Print every record exactly, but leave out the pictures.
*** Block opens ***
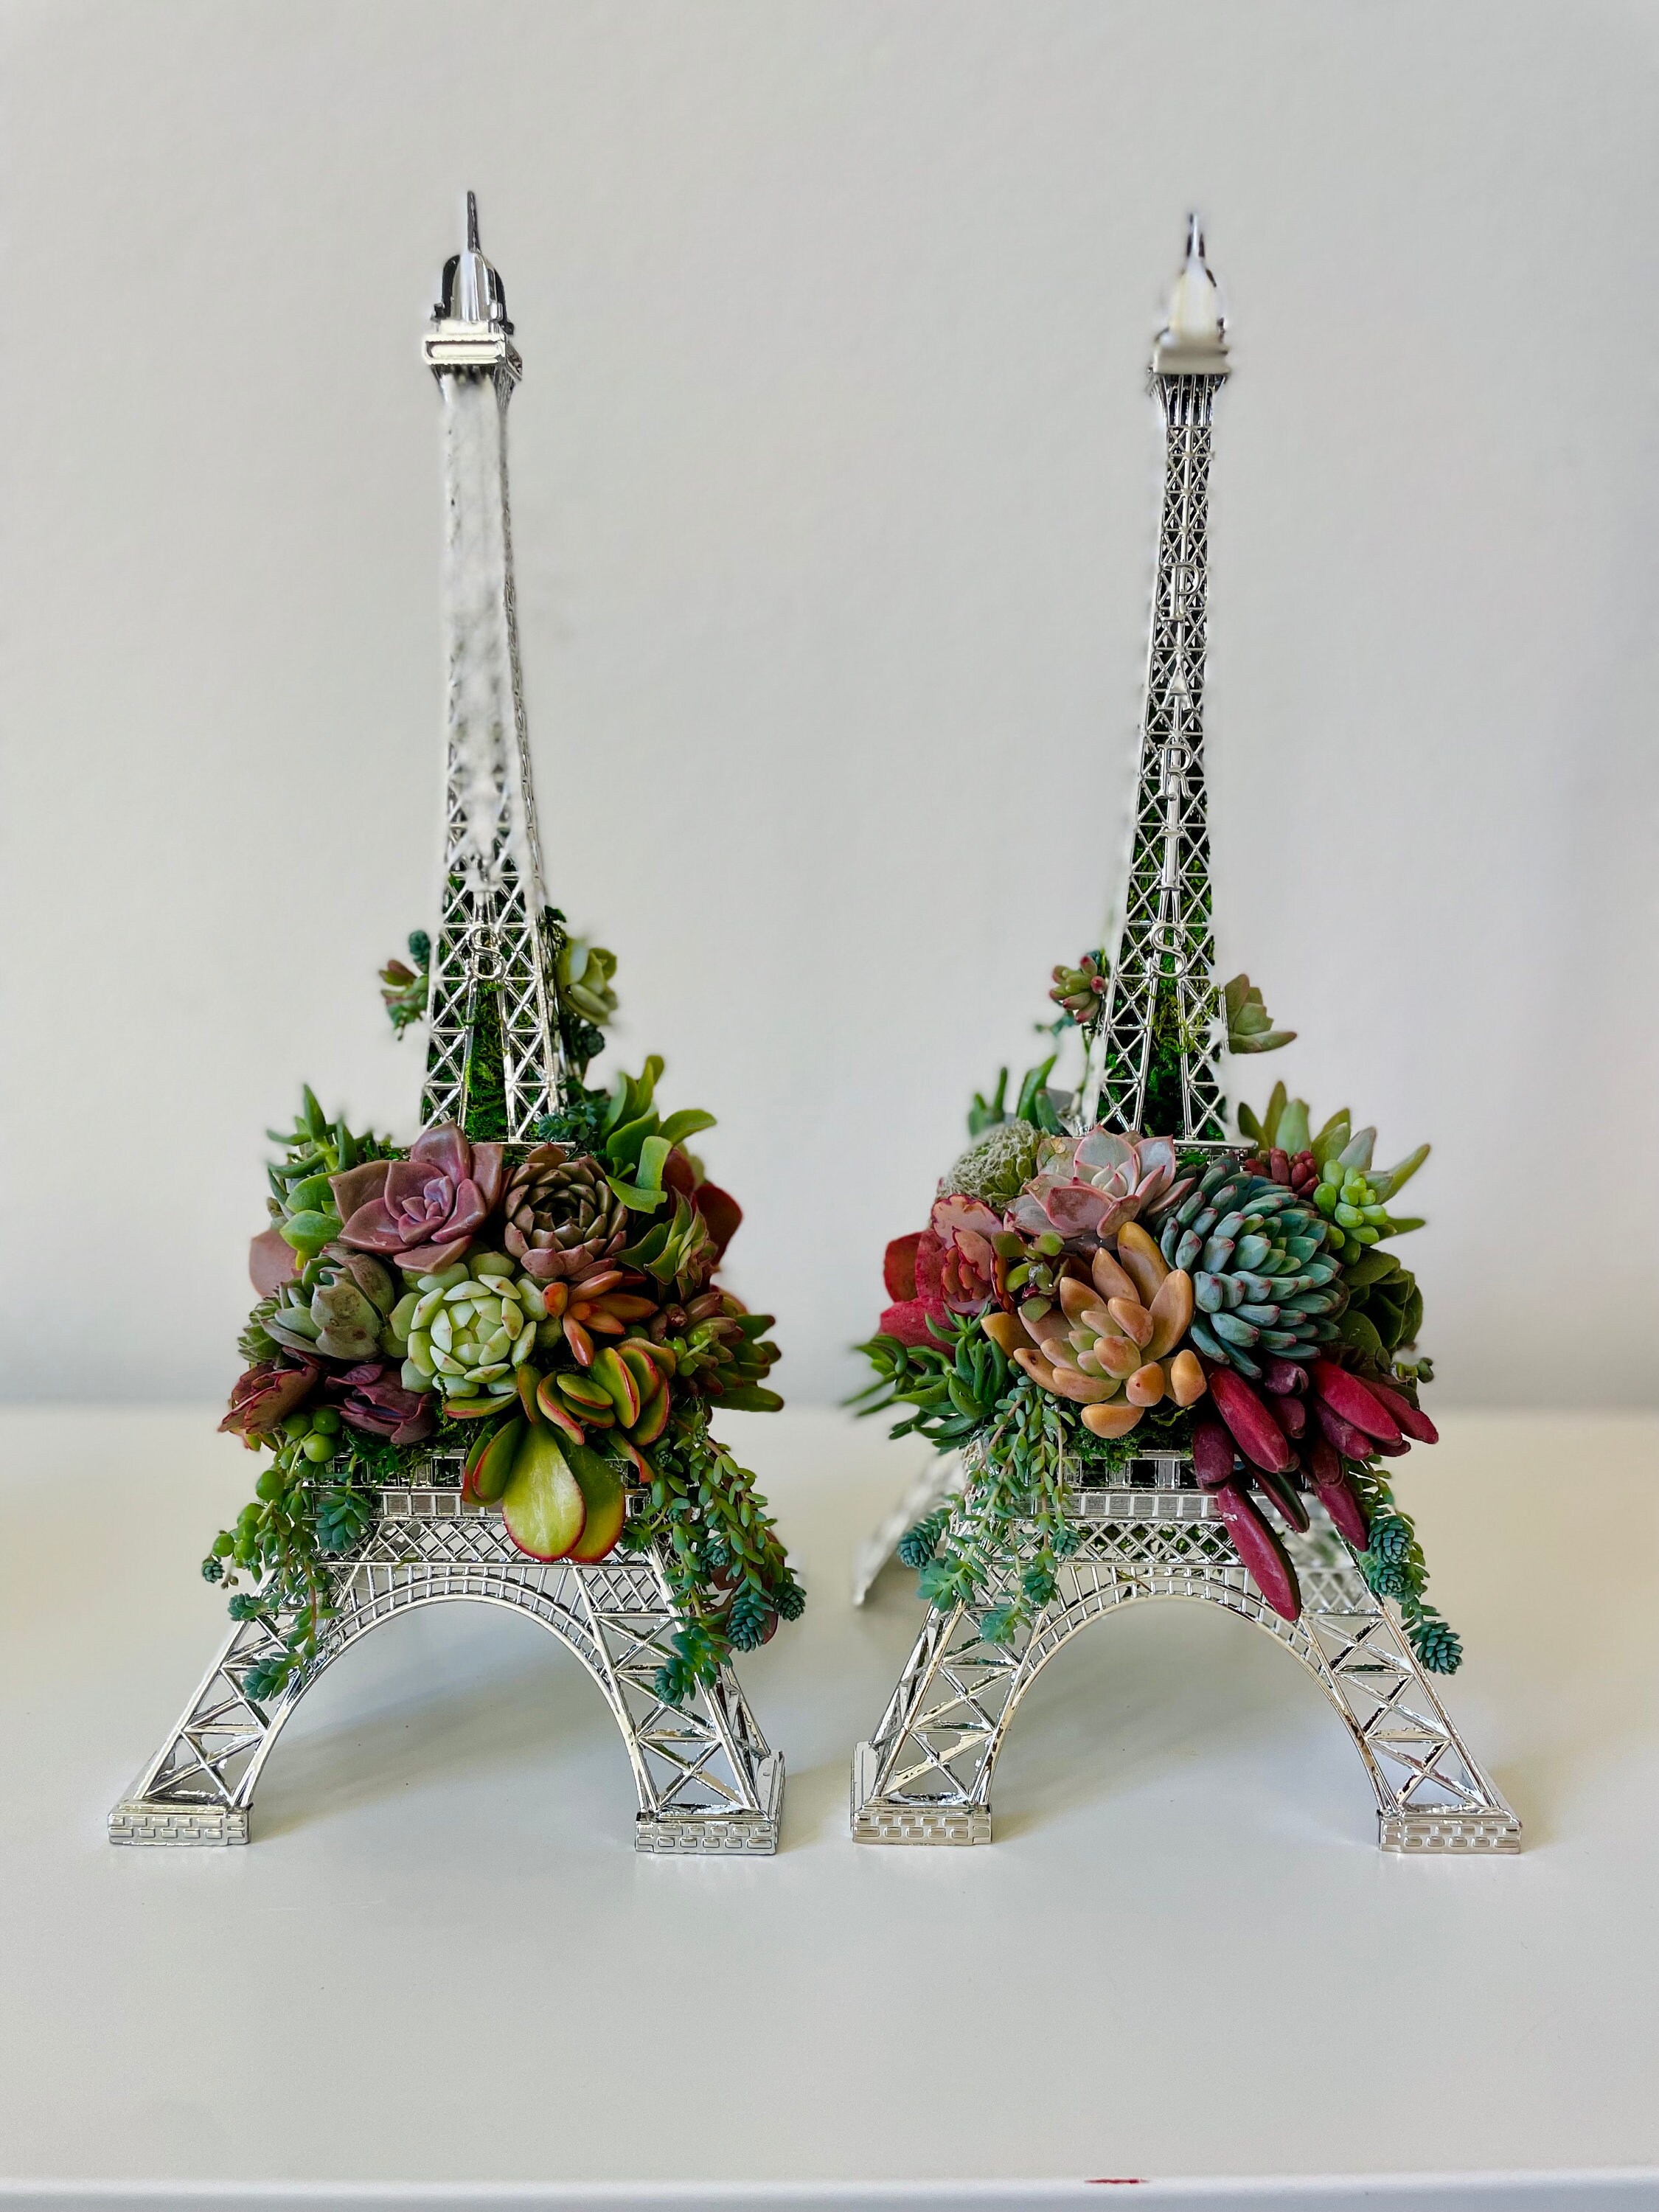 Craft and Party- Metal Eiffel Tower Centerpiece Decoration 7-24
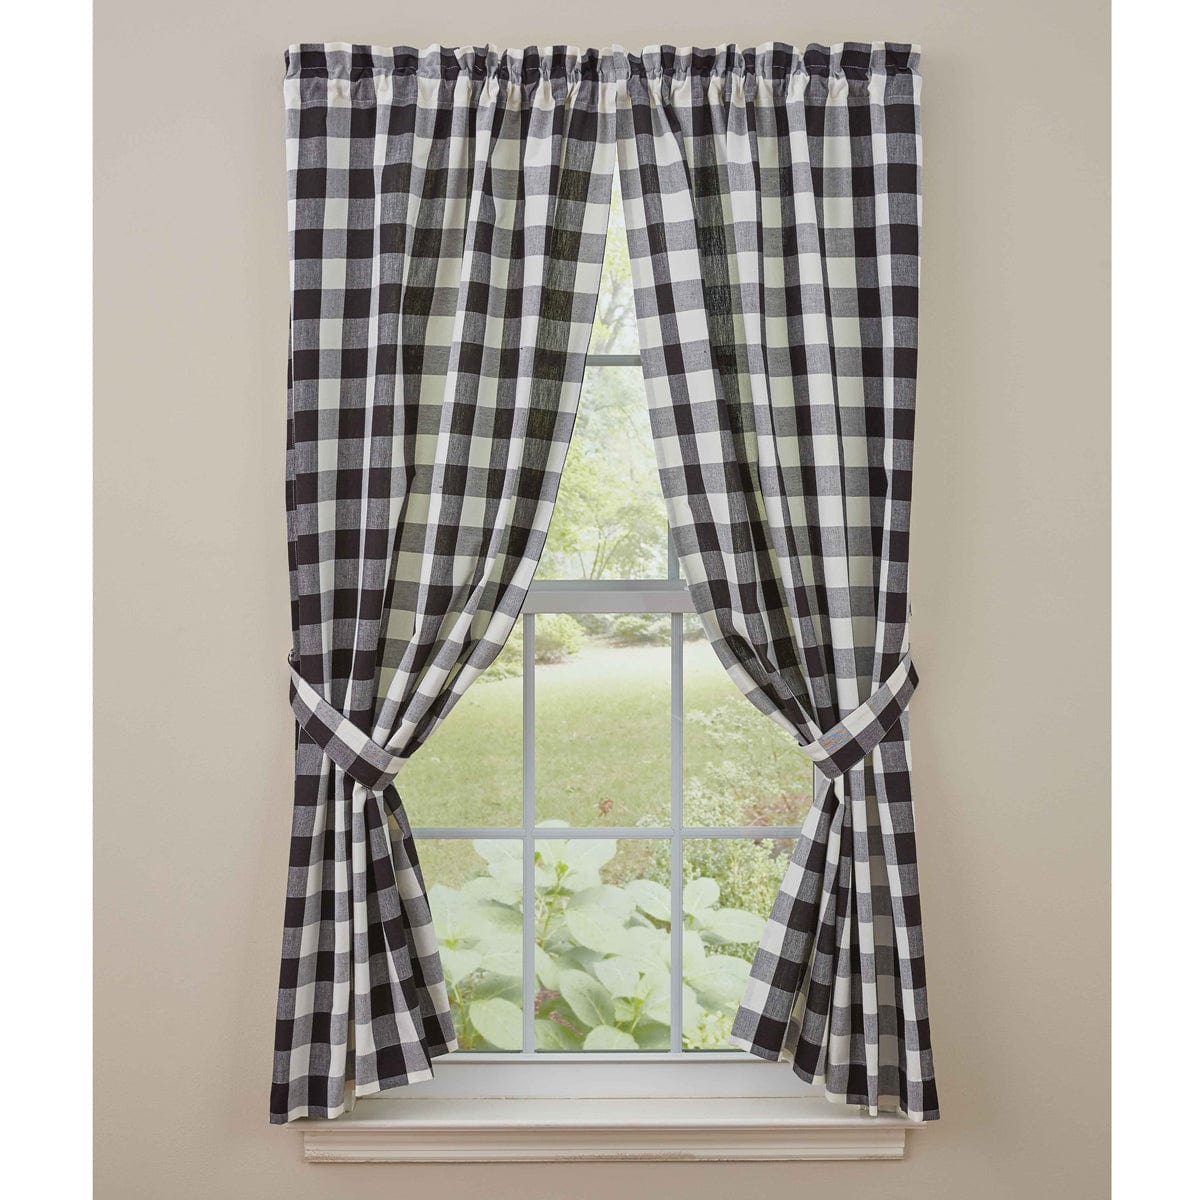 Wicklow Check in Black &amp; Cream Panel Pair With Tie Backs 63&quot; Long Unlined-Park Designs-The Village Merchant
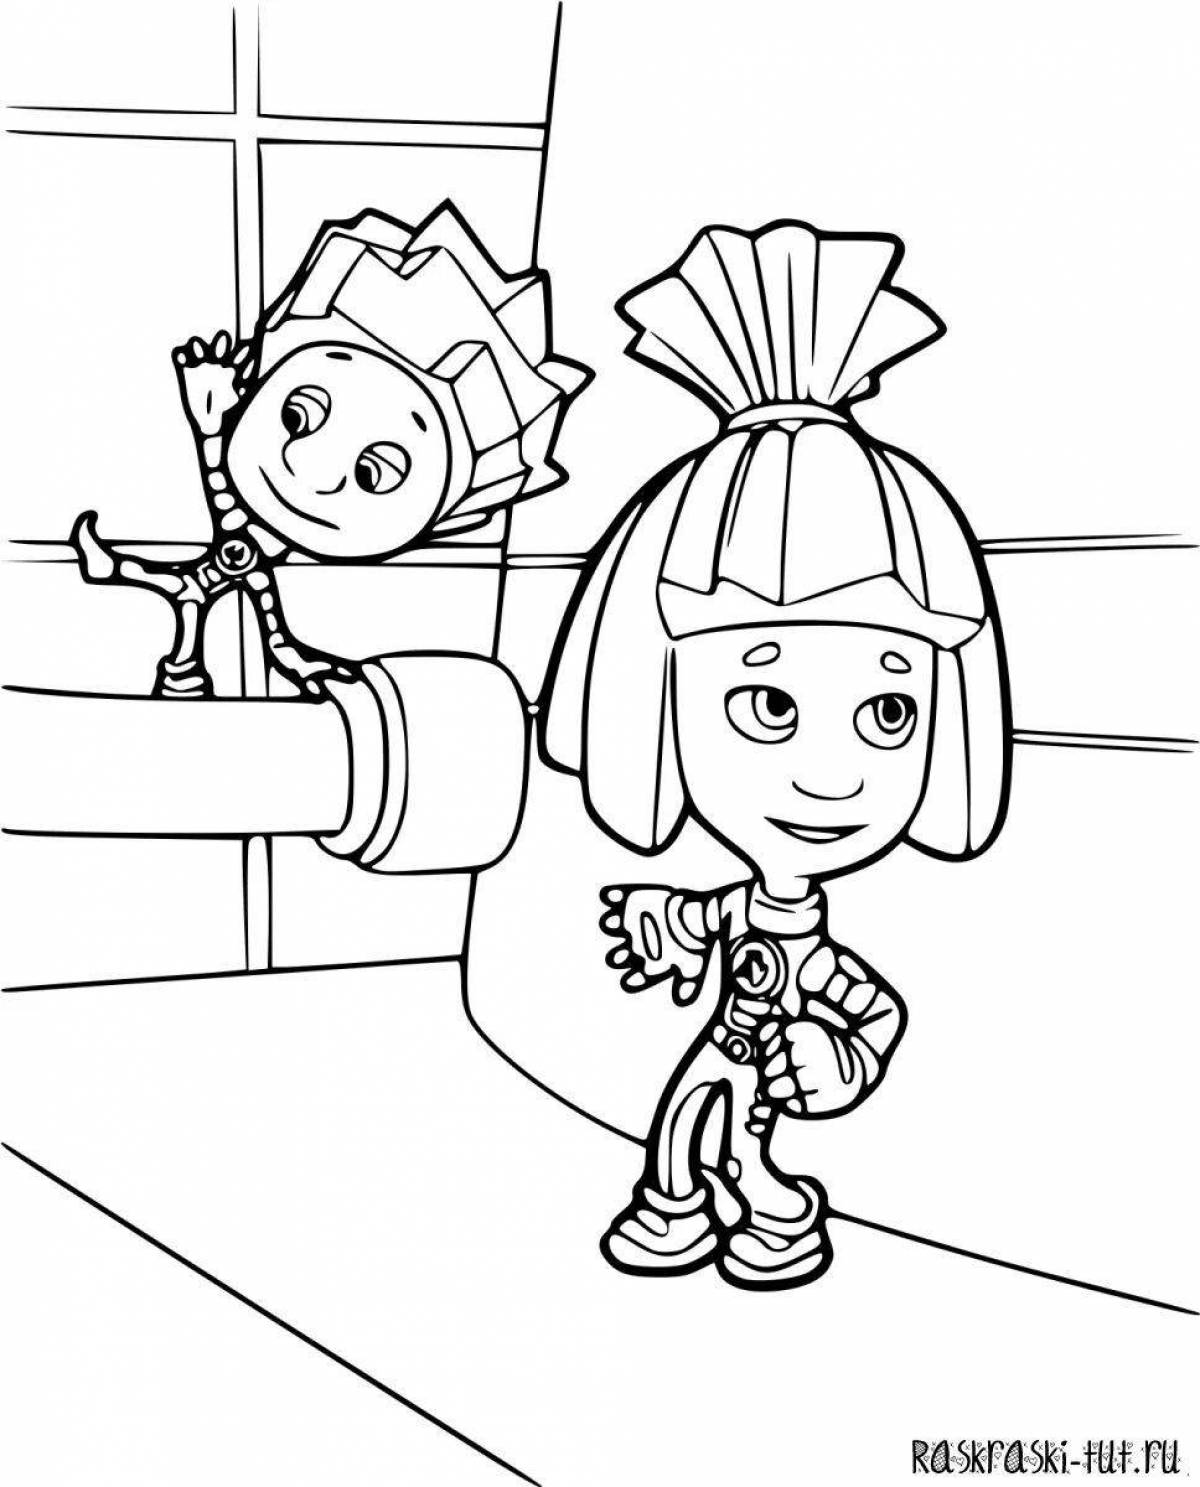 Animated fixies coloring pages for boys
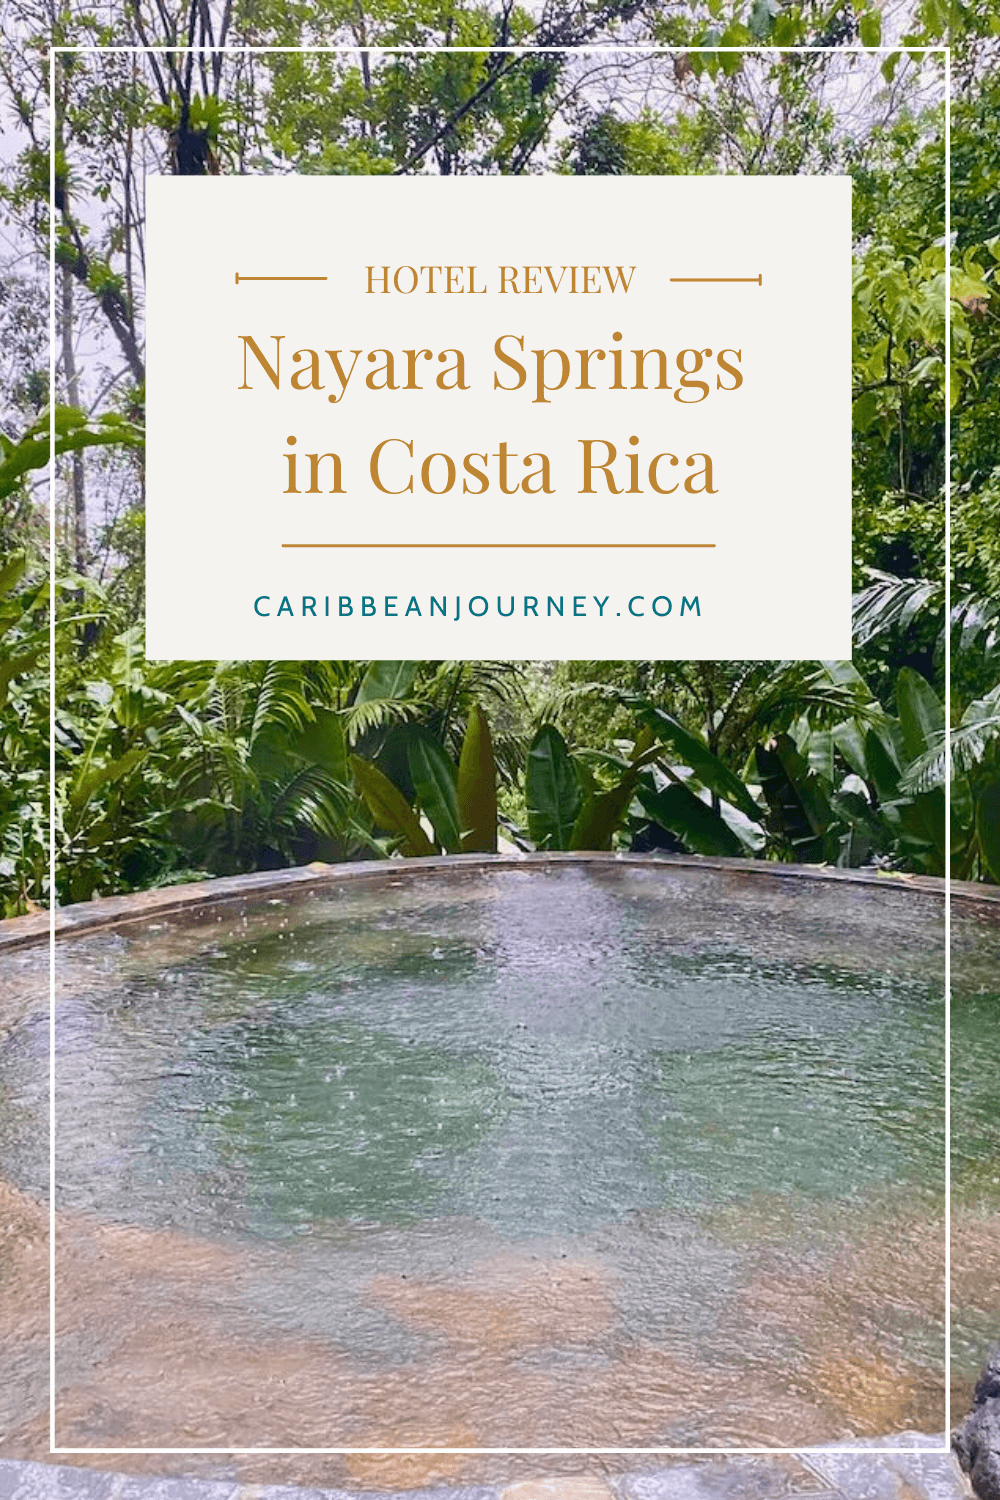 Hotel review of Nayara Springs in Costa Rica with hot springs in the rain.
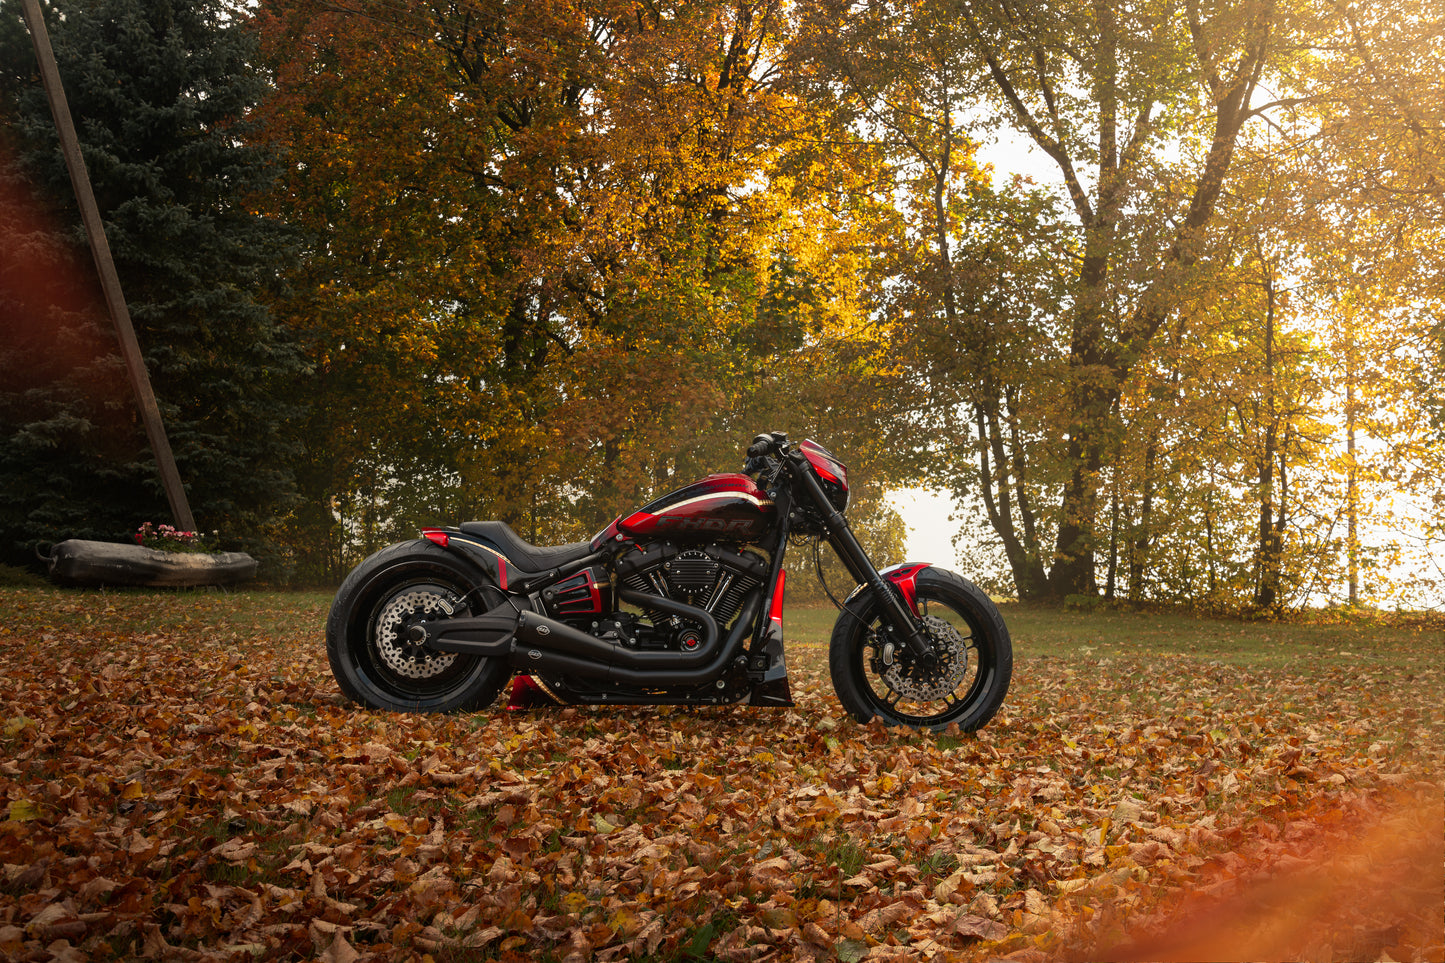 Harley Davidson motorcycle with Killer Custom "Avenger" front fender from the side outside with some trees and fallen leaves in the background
*** Block closes ***
§ Answer to this task
 Craft and Party- Metal Eiffel Tower Centerpiece Decoration 7-24
 Wicklow Check in Black &amp; Cream Panel Pair With Tie Backs 63&quot; Long Unlined-Park Designs-The Village Merchant
 Animated fixies coloring pages for boys
 Hotel review of Nayara Springs in Costa Rica with hot springs in the rain.
 Harley Davidson motorcycle with Killer Custom "Avenger" front fender from the side outside with some trees and fallen leaves in the background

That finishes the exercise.